# M&P Distributors



## ikindred (Jun 18, 2009)

Does anyone have any good ideas where I can buy good M&P base from?  I have checked alot of sites but thought I would see if there are any favorites from the experienced soapers.

Thanks


----------



## cindymeredith (Jun 19, 2009)

My favorite base is the creamy goats milk base from wholesalesuppliesplus.com.  They have lots of different bases to choose from though!


----------



## Guest (Jul 7, 2009)

I like wholesalesuppliesplus extra clear and white. I have had great succes with them and they are priced reasonably.


----------



## soapandbeauty (Jul 7, 2009)

I started a thread wanting to know what everyone's favorite base was and a few put distruptors in there.

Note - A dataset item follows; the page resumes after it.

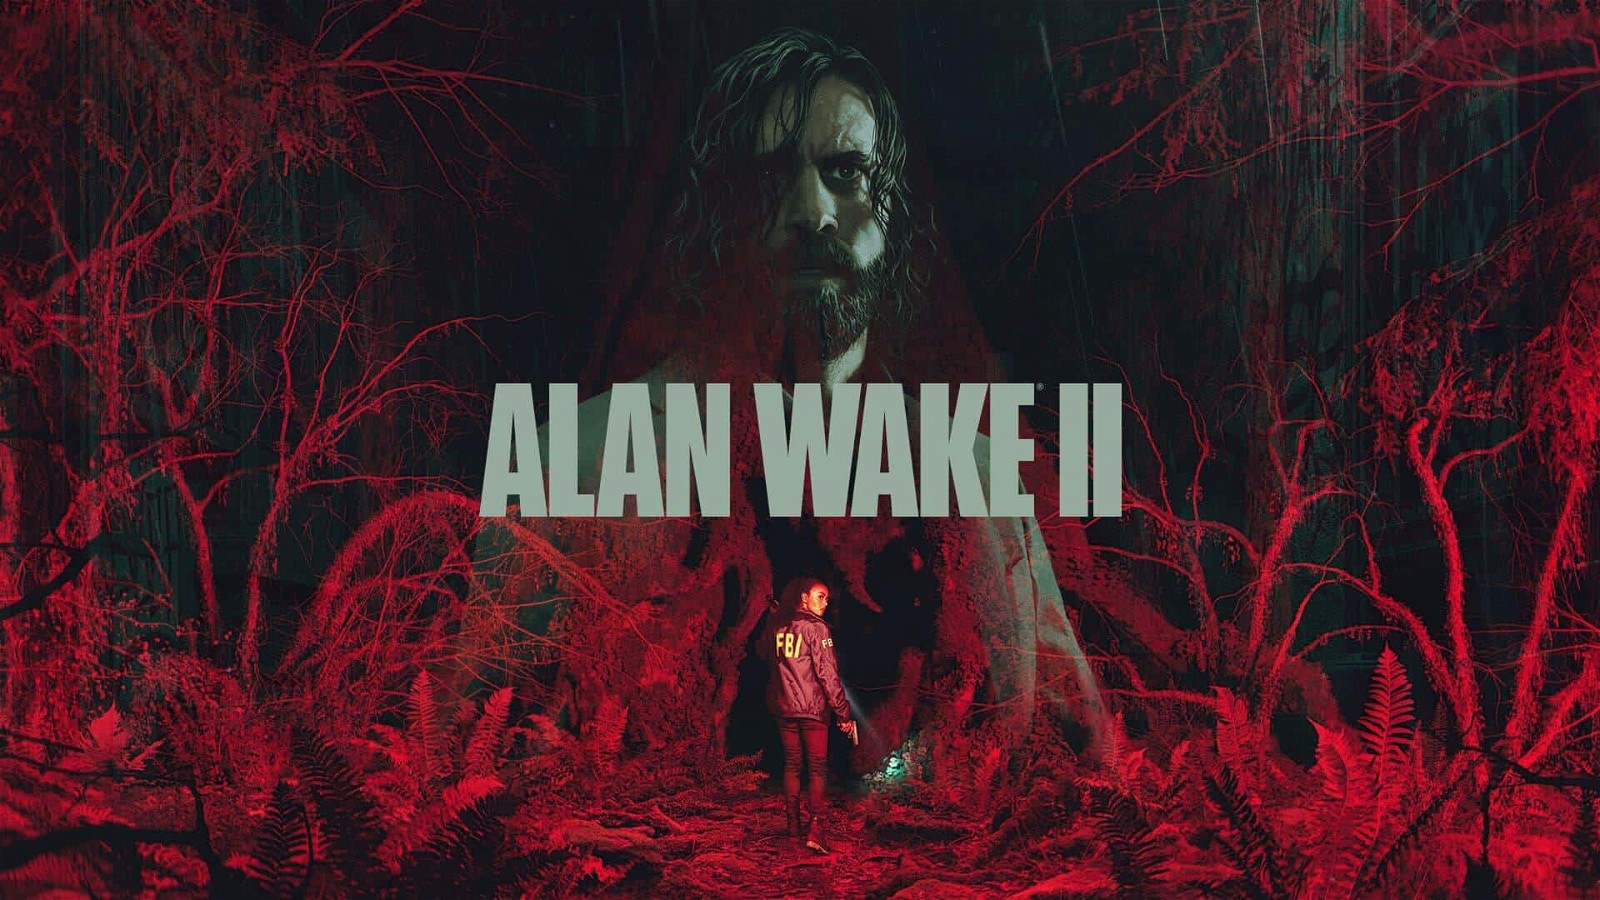 Official artwork for Alan Wake 2.

http://www.soapmakingforum.com/forum/vi ... hp?t=11264


----------



## craftydad (Jul 8, 2009)

I've found http://www.SoapersChoice.com (a division of Columbus Foods) to be a good supplier of both clear and white glycerin base.  Their prices are low for 25lbs of base, and shipping is super fast.

Nothing fancy...but the lathering properties of their soap is excellent!

Check them out.


----------



## twilightluver (Jul 13, 2009)

I also use wholesalesuppliesplus.com
I love the Goat Milk base.NOT the creamy.i have fond it to be tooo soft and a weird smell as well as difficulty in unmolding..


----------



## Celena (Jul 14, 2009)

I get my base from Wisteria Lane (soap company NOT Desperate Housewives street! LOL).  I just got some of there Honey base a while back and I LOVE it as much as all the other bases that I have used.  Plus they are very helpful and answered all my questions.

http://www.wisterialane.com/


----------



## simplypuresoycandles (Jul 17, 2009)

I started off and tried a couple places but boiled down to WSP, they are the best in my book, I love there shea butter and extra clear!!!!! The oatmeal base is to die for as well!! I have tried almost all there bases, and nothing has been wrong with any! So good Luck!


----------



## soapbuddy (Jul 21, 2009)

I like the base from BrambleBerry.


----------